Когда нас доставили к дому миссис Меррилоу, первое, что бросилось нам в глаза, — это сама хозяйка, которая своей крупной фигурой перегородила дверь скромного, но уединенного жилища. Было очевидно, что больше всего ее беспокоило, как бы не потерять выгодную постоялицу, и прежде чем впустить нас в дом, она принялась умолять не говорить и не делать ничего, что могло бы привести к такому нежеланному концу. Добившись соответствующего обещания, хозяйка пансиона повела нас наверх по грубой, со сбитой ковровой дорожкой лестнице и впустила в комнату загадочной квартирантки.
Это было небольшое помещение, с тяжелым, спертым воздухом, что и неудивительно, поскольку обитательница почти никогда не покидала этих стен. Судьба как будто покарала эту женщину за то, что раньше она держала в неволе животных, превратив ее саму в зверя в клетке. Она сидела в темном углу в покосившемся кресле. Долгие годы бездействия огрубили ее фигуру, но было видно, что когда-то она действительно была прекрасна и до сих пор сохранила соблазнительную роскошь форм. Густая темная вуаль закрывала ее лицо, но не все, только до верхней губы, оставляя открытым идеально очерченный рот и мягко округленный подбородок. Я легко мог представить себе, что когда-то она и впрямь была удивительно красива. Голос ее звучал мелодично и приятно.
— Значит, мое имя вам знакомо, мистер Холмс, — сказала она. — Я так и думала, что оно приведет вас сюда.
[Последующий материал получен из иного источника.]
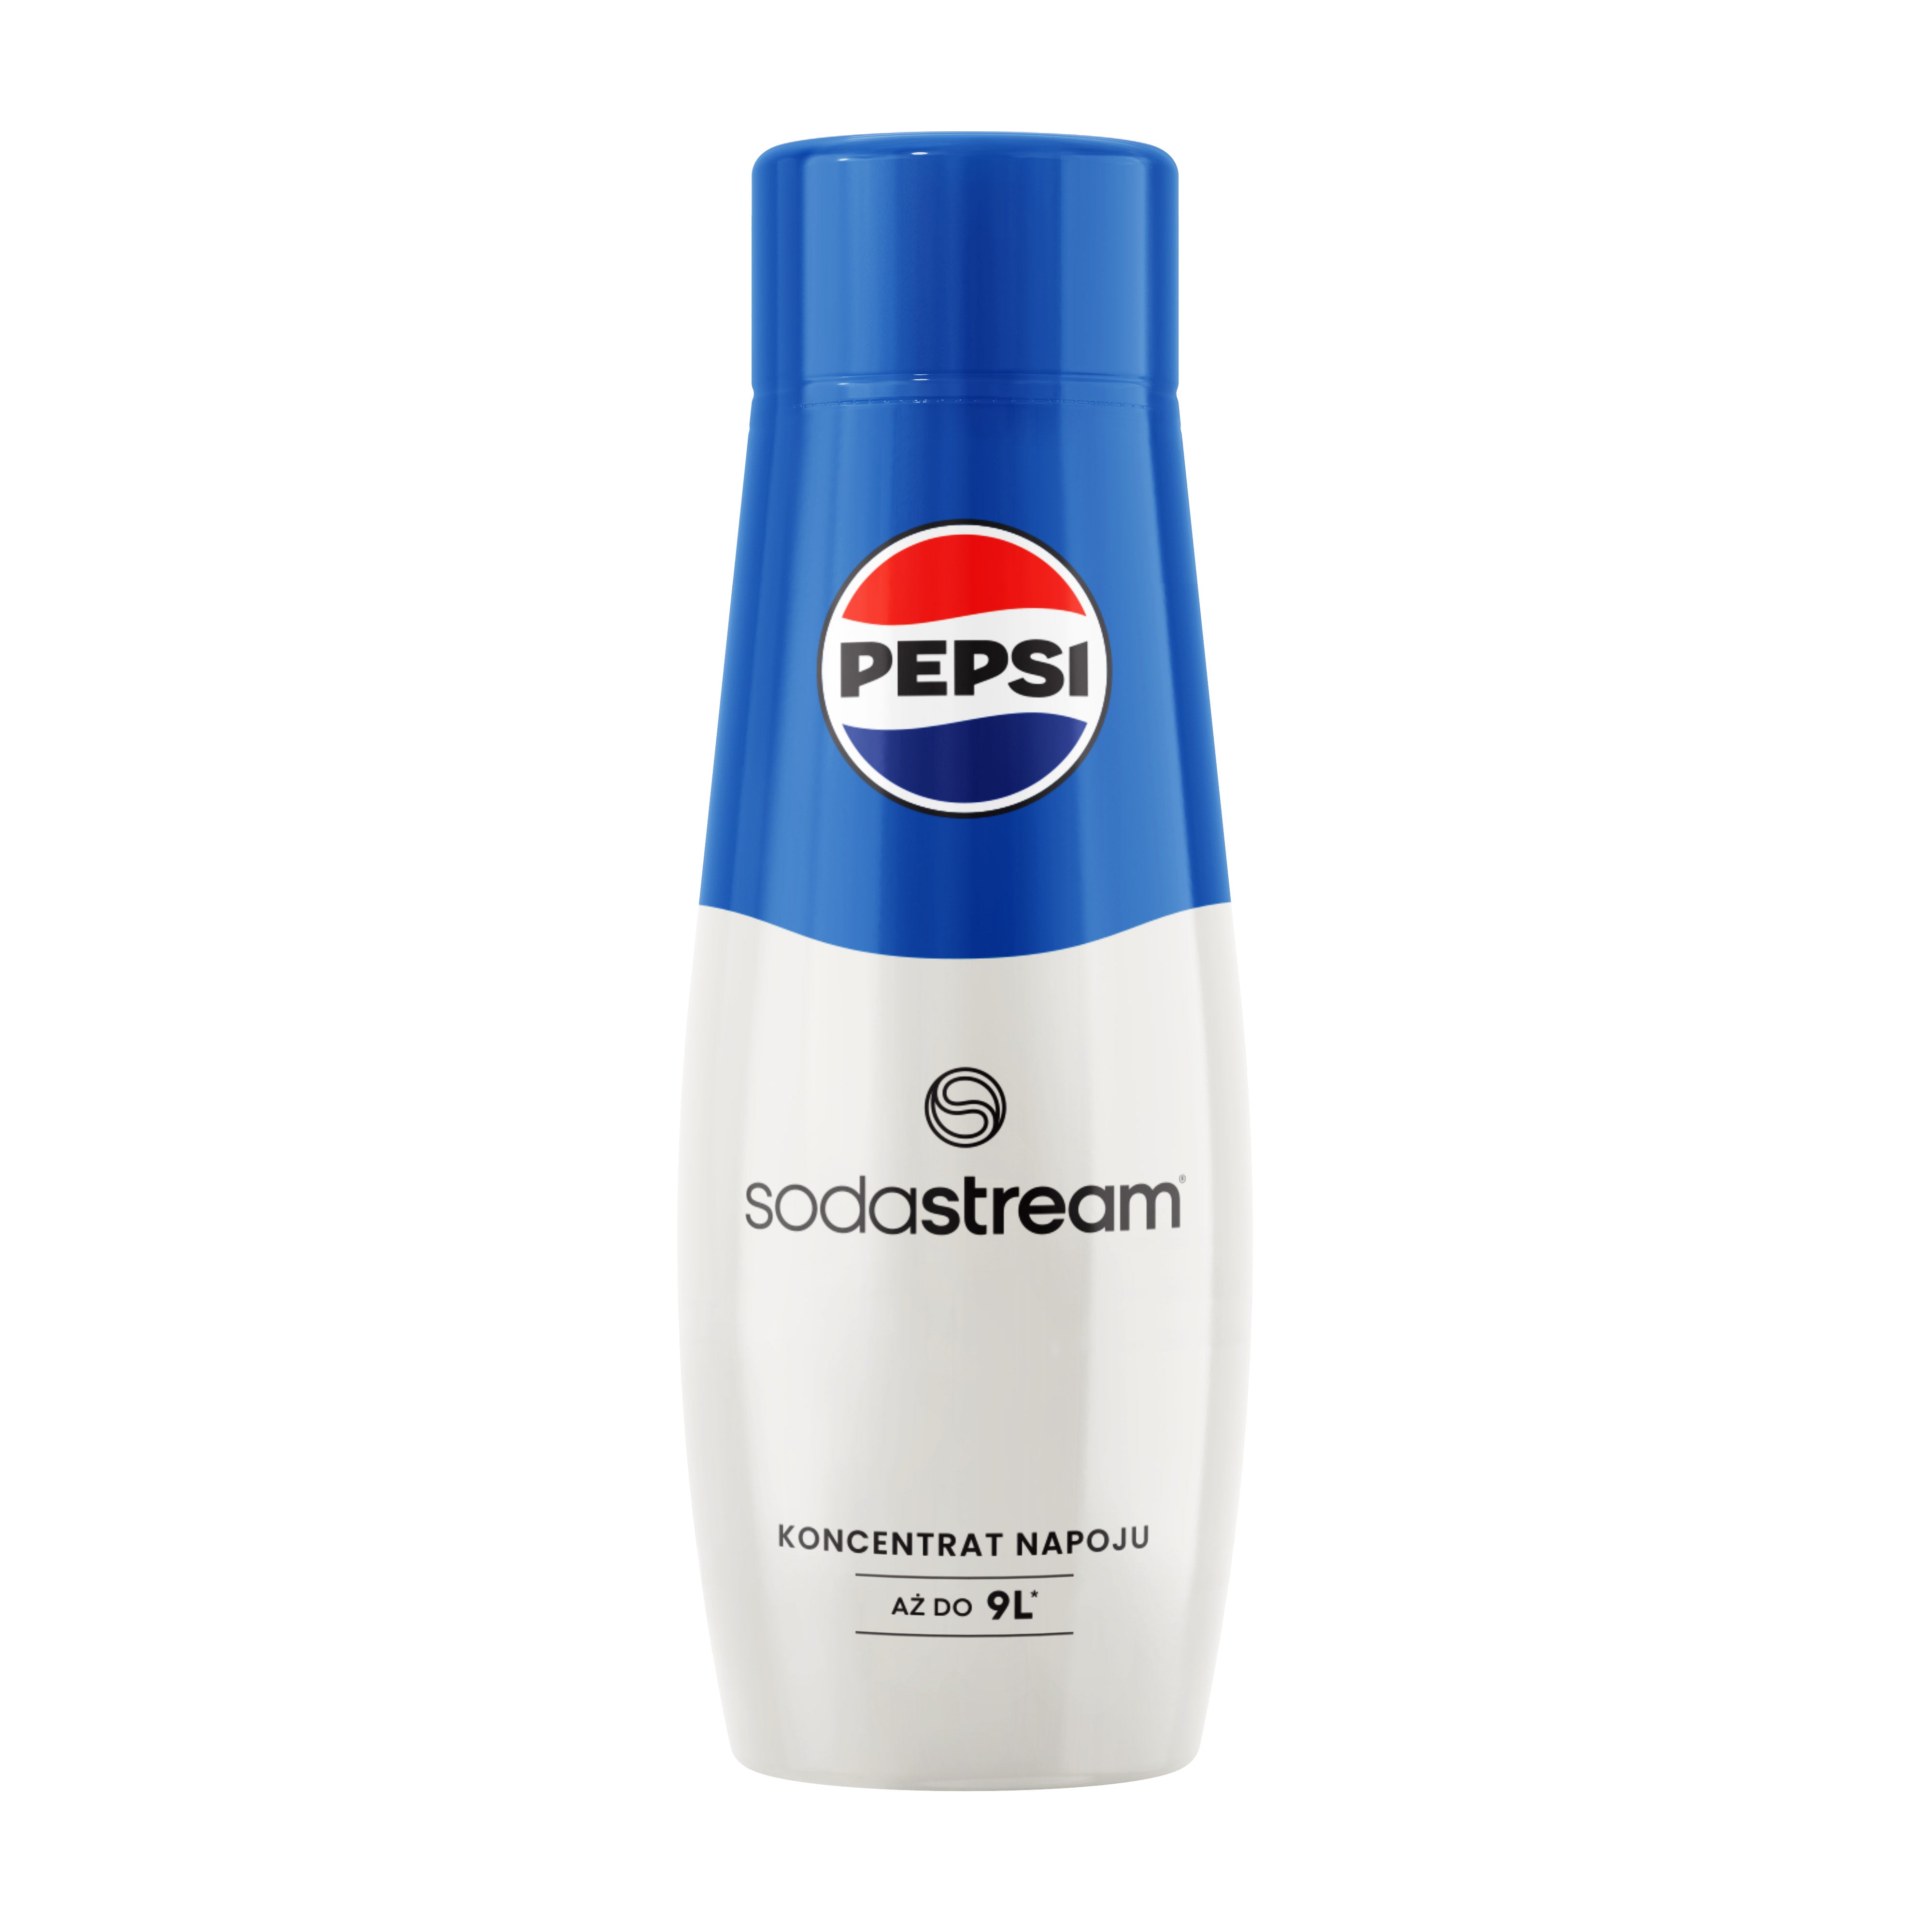 Syrop Pepsi sodastream

— Вы правы, мадам, хотя я не знаю, как вам стало известно, что я интересовался вашим делом.
— Когда мое здоровье улучшилось, меня допрашивал мистер Эдмундс, местный следователь, он мне и рассказал об этом. Боюсь, что я солгала ему. Наверное, было бы лучше, если бы я тогда все же сказала правду.
— Всегда лучше говорить правду. Но почему вы солгали?
— Потому что от этого зависела судьба другого человека. Я знала, что он был совершенно недостоин того, но не хотела, чтобы его гибель была на моей совести. А ведь мы были с ним так близки… Так близки!
— Но сейчас эта преграда исчезла?
— Да, сэр. Человек, о котором я говорю, умер.
— Тогда почему теперь вы не расскажете все, что вам известно, полиции?
— Потому что мне приходится считаться еще с одним человеком. С собой. Я не вынесу огласки и той шумихи, которая поднимется, если за дело снова возьмется полиция. Мне осталось недолго жить, и я хочу умереть спокойно. Но все же мне нужно было найти кого-то, кому я могла бы поведать свою ужасную историю. Я хочу, чтобы, когда меня не станет, люди узнали правду.
— Вы мне льстите мадам. Но прошу вас учесть, что я — ответственный человек и не могу обещать вам, что после вашего рассказа не посчитаю своим долгом передать дело полиции.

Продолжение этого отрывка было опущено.